Arai (and the answer in the 1st link) uses the following code for functions (I provide my data below with some further comment):
gcenter <- function(df1,group) {
variables <- paste(
rep("C", ncol(df1)), colnames(df1), sep=".")
copydf <- df1
for (i in 1:ncol(df1)) {
copydf[,i] <- df1[,i] - ave(df1[,i], group,FUN=mean)}
colnames(copydf) <- variables
return(cbind(df1,copydf))}
# 1-way adjusting for clusters
clx <- function(fm, dfcw, cluster){
# R-codes (www.r-project.org) for computing
# clustered-standard errors.
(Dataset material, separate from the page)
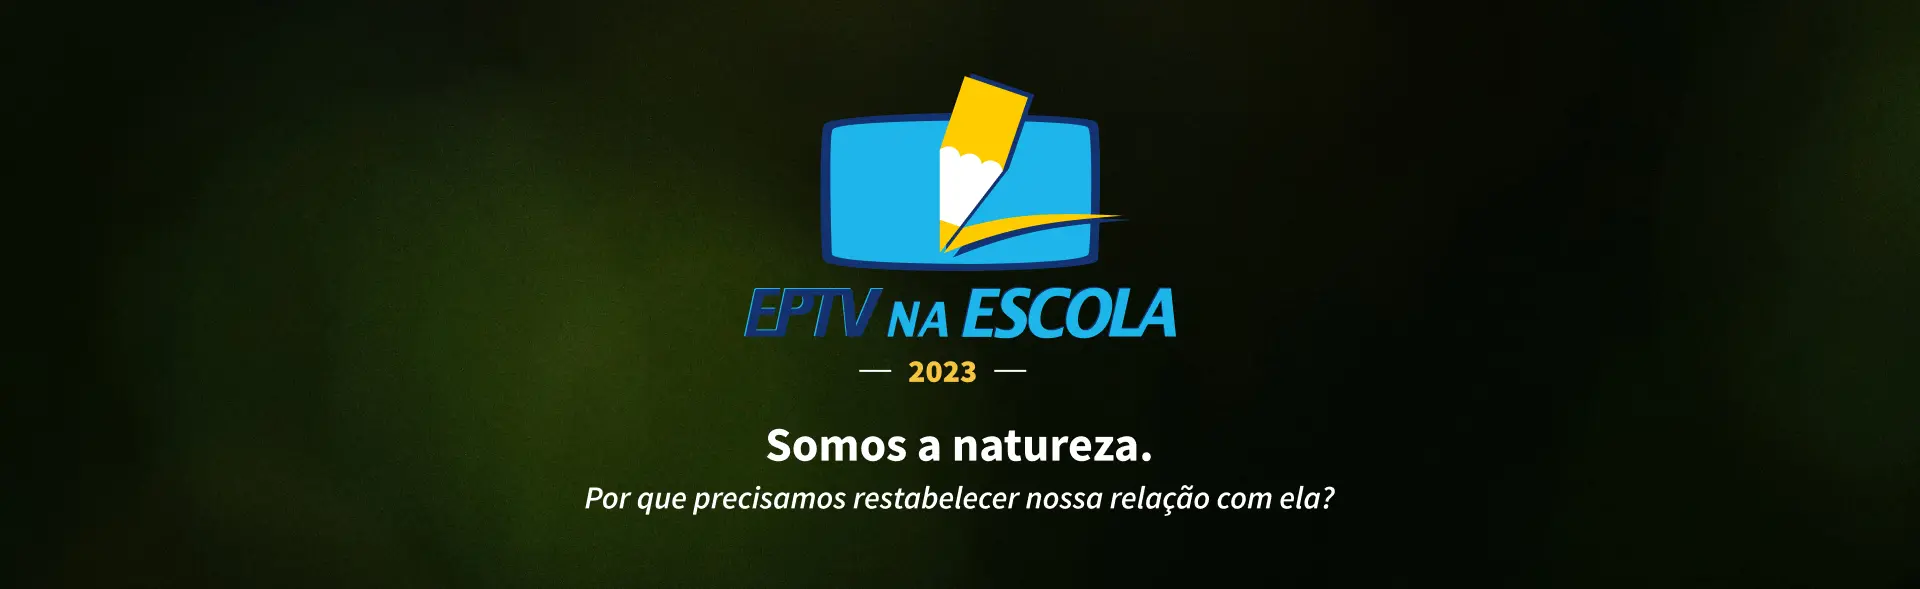 EPTV na Escola 2023

Mahmood Arai, Jan 26, 2008.
# The arguments of the function are:
# fitted model, cluster1 and cluster2
# You need to install libraries `sandwich' and `lmtest'
# reweighting the var-cov matrix for the within model
library(sandwich);library(lmtest)
M <- length(unique(cluster))
N <- length(cluster)
K <- fm$rank
dfc <- (M/(M-1))*((N-1)/(N-K))
uj <- apply(estfun(fm),2, function(x) tapply(x, cluster, sum));
vcovCL <- dfc*sandwich(fm, meat=crossprod(uj)/N)*dfcw
coeftest(fm, vcovCL) }
,where the gcenter computes deviations from the mean (fixed effect). I then continue and do the regression with DS_CODEbeing my cluster variable (I have named my data 'data').
centerdata <- gcenter(data, data$DS_CODE)
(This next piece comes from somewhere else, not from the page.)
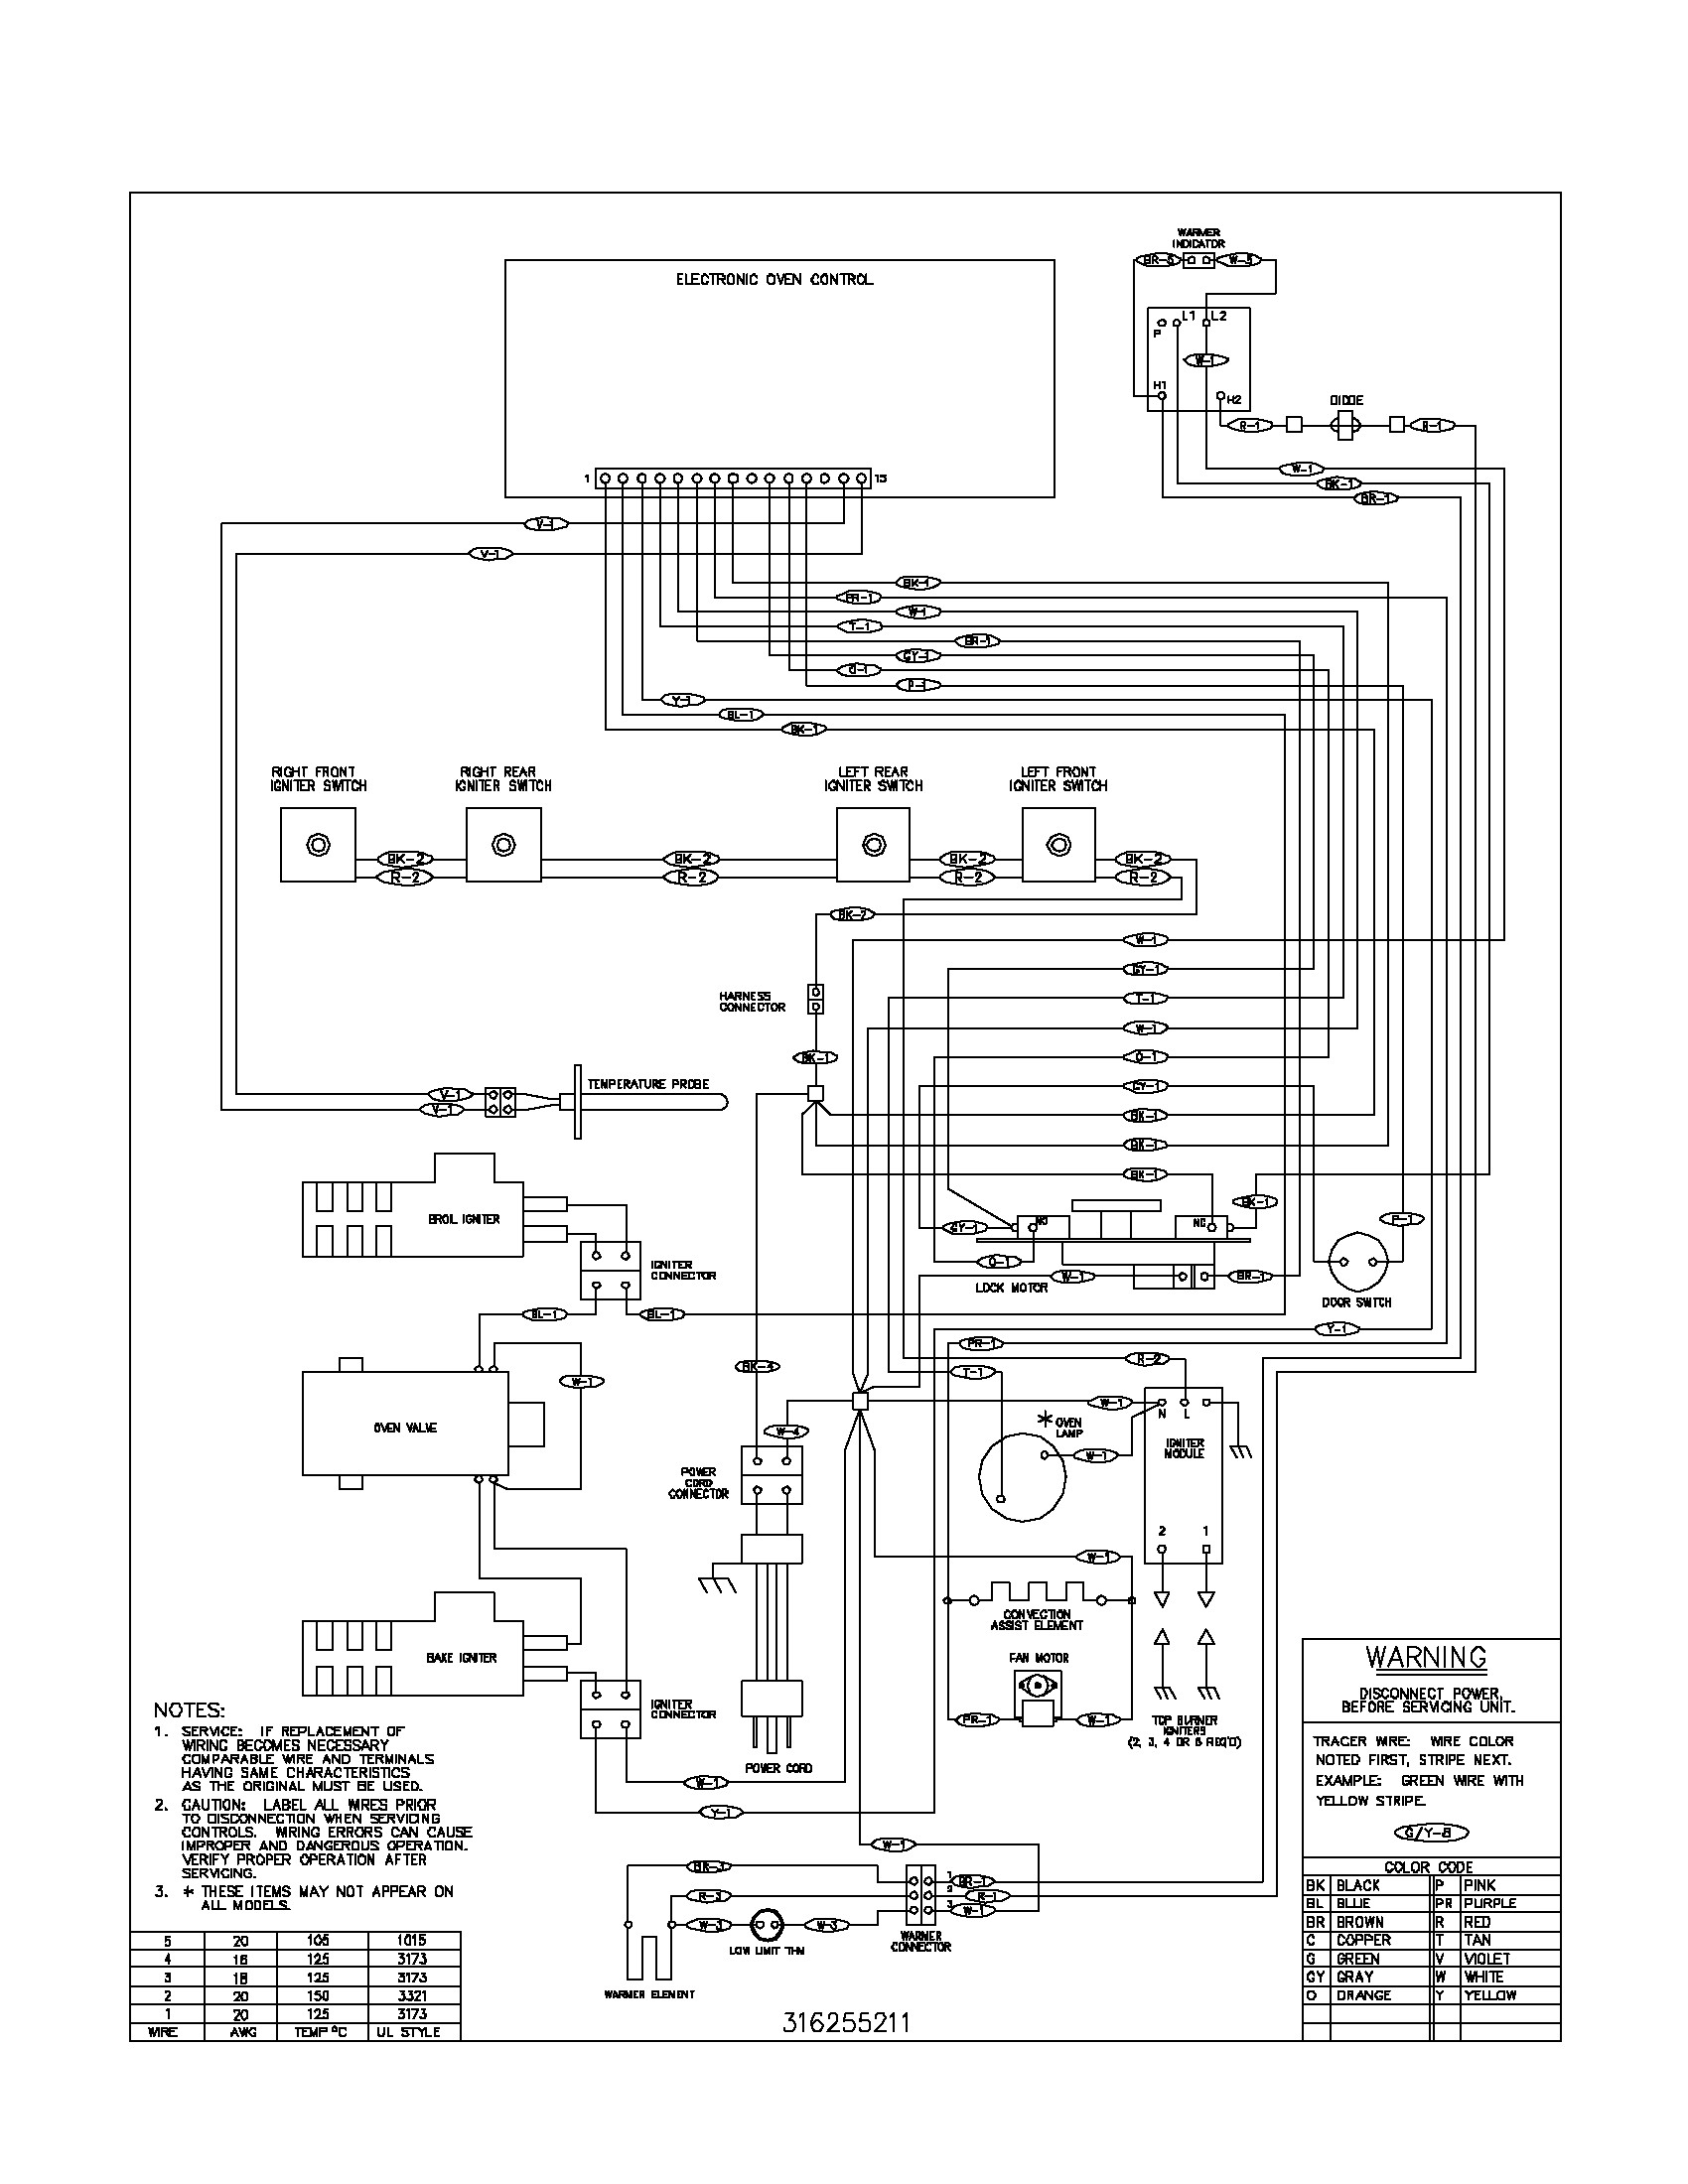 Wiring Diagram For Frigidaire Refrigerator Wiring Diagram Best Ideas

datalm <- lm(C.L1.retE1M ~ C.MCAP_SEC + C.Impact_change + C.Mom + C.BM + C.PD + C.CashGen + C.NITA + C.PE + C.PEdummy + factor(DS_CODE), data=centerdata)
M <- length(unique(data$DS_CODE))
dfcw <- datalm$df / (datalm$df - (M-1))
and want to calculate
clx(datalm, dfcw, data$DS_CODE)
However, when I want to compute uj (see formula clx above) for the variance, I get only at the beginning some values for my regressors, then lots of zeros. If this input uj is used for the variance, only NAs result.
My data
Since my data may be of special structure and I can't figure out the problem, I post the entire thing as a link from Hotmail. The reason is that with other data (taken from Arai (2011)) my problem does not occur. Sorry in advance for the mess but I'd be very grateful if you could have a look at it nevertheless.
The file is a 5mb .txt file containing purely data.

After some time playing around, it works for me and gives me:
Estimate Std. Error t value Pr(>|t|)
(Intercept) 4.5099e-16 5.2381e-16 0.8610 0.389254
C.MCAP_SEC -5.9769e-07 1.2677e-07 -4.7149 2.425e-06 ***
C.Impact_change -5.3908e-04 7.5601e-05 -7.1306 1.014e-12 ***
C.Mom 3.7560e-04 3.3378e-03 0.1125 0.910406
C.BM -1.6438e-04 1.7368e-05 -9.4645 < 2.2e-16 ***
C.PD 6.2153e-02 3.8766e-02 1.6033 0.108885
C.CashGen -2.7876e-04 1.4031e-02 -0.0199 0.984149
C.NITA -8.1792e-02 3.2153e-02 -2.5438 0.010969 *
C.PE -6.6170e-06 4.0138e-06 -1.6485 0.099248 .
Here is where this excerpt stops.